(Items listed in a dataset)

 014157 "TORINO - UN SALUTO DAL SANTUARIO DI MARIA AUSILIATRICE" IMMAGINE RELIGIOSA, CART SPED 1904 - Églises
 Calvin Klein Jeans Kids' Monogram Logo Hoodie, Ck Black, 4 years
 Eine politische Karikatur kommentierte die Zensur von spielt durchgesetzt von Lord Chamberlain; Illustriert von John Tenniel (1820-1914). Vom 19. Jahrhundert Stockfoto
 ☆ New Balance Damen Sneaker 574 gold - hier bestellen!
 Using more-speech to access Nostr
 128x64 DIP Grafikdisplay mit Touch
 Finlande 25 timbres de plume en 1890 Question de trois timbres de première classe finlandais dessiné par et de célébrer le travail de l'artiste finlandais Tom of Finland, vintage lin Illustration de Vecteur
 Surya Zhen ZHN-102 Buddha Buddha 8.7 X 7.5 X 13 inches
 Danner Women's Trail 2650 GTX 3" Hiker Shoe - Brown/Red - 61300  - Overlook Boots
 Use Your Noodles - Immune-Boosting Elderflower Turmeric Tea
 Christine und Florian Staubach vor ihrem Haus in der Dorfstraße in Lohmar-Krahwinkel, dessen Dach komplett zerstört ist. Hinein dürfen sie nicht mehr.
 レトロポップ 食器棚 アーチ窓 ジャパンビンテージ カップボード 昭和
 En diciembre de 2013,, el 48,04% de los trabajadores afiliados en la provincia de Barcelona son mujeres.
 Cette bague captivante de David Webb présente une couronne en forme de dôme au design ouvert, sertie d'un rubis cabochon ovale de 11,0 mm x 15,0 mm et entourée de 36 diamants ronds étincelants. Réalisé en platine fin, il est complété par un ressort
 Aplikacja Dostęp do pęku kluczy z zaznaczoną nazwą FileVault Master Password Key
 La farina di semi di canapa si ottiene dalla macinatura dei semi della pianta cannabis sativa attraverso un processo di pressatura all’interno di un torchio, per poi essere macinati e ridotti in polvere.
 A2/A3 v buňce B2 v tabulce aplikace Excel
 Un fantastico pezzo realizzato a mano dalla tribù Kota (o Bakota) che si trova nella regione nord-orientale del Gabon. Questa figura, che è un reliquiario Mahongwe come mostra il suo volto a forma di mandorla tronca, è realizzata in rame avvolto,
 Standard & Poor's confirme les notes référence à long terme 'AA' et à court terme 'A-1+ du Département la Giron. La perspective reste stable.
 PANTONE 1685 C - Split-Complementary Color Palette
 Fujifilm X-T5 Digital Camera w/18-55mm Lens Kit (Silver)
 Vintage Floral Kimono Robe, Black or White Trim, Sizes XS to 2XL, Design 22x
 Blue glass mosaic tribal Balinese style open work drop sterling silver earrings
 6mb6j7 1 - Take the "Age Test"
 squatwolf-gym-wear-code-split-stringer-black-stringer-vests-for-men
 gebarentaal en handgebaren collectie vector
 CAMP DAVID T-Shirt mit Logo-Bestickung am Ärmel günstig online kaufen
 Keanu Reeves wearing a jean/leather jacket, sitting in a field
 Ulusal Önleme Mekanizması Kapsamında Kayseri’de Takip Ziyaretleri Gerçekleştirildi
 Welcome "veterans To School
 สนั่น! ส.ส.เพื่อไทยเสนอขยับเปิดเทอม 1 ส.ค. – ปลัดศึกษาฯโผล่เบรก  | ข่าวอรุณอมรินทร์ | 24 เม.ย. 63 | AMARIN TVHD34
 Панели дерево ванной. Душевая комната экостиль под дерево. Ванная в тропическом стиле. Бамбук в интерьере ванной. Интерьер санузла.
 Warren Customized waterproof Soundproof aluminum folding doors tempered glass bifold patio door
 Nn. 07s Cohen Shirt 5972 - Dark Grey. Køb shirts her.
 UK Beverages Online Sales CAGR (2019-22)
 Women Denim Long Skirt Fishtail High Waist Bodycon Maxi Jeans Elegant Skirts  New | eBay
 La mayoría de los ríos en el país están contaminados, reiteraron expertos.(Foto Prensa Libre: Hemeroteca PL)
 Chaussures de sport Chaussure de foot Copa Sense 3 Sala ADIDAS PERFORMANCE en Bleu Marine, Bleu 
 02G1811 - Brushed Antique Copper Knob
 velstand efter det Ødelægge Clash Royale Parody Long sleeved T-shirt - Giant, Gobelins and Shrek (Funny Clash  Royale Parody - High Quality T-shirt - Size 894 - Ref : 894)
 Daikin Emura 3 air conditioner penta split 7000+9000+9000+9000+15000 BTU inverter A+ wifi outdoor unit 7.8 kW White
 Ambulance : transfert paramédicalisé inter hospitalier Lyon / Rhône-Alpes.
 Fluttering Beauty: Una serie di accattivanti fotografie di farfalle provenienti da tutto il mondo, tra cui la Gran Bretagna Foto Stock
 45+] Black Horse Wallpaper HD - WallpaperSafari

» **Task description**:
The answer is the line holding "Nn. 07s Cohen" and all the lines after it through the end of the records, repeated exactly.

» **Reply**:
 Nn. 07s Cohen Shirt 5972 - Dark Grey. Køb shirts her.
 UK Beverages Online Sales CAGR (2019-22)
 Women Denim Long Skirt Fishtail High Waist Bodycon Maxi Jeans Elegant Skirts  New | eBay
 La mayoría de los ríos en el país están contaminados, reiteraron expertos.(Foto Prensa Libre: Hemeroteca PL)
 Chaussures de sport Chaussure de foot Copa Sense 3 Sala ADIDAS PERFORMANCE en Bleu Marine, Bleu 
 02G1811 - Brushed Antique Copper Knob
 velstand efter det Ødelægge Clash Royale Parody Long sleeved T-shirt - Giant, Gobelins and Shrek (Funny Clash  Royale Parody - High Quality T-shirt - Size 894 - Ref : 894)
 Daikin Emura 3 air conditioner penta split 7000+9000+9000+9000+15000 BTU inverter A+ wifi outdoor unit 7.8 kW White
 Ambulance : transfert paramédicalisé inter hospitalier Lyon / Rhône-Alpes.
 Fluttering Beauty: Una serie di accattivanti fotografie di farfalle provenienti da tutto il mondo, tra cui la Gran Bretagna Foto Stock
 45+] Black Horse Wallpaper HD - WallpaperSafari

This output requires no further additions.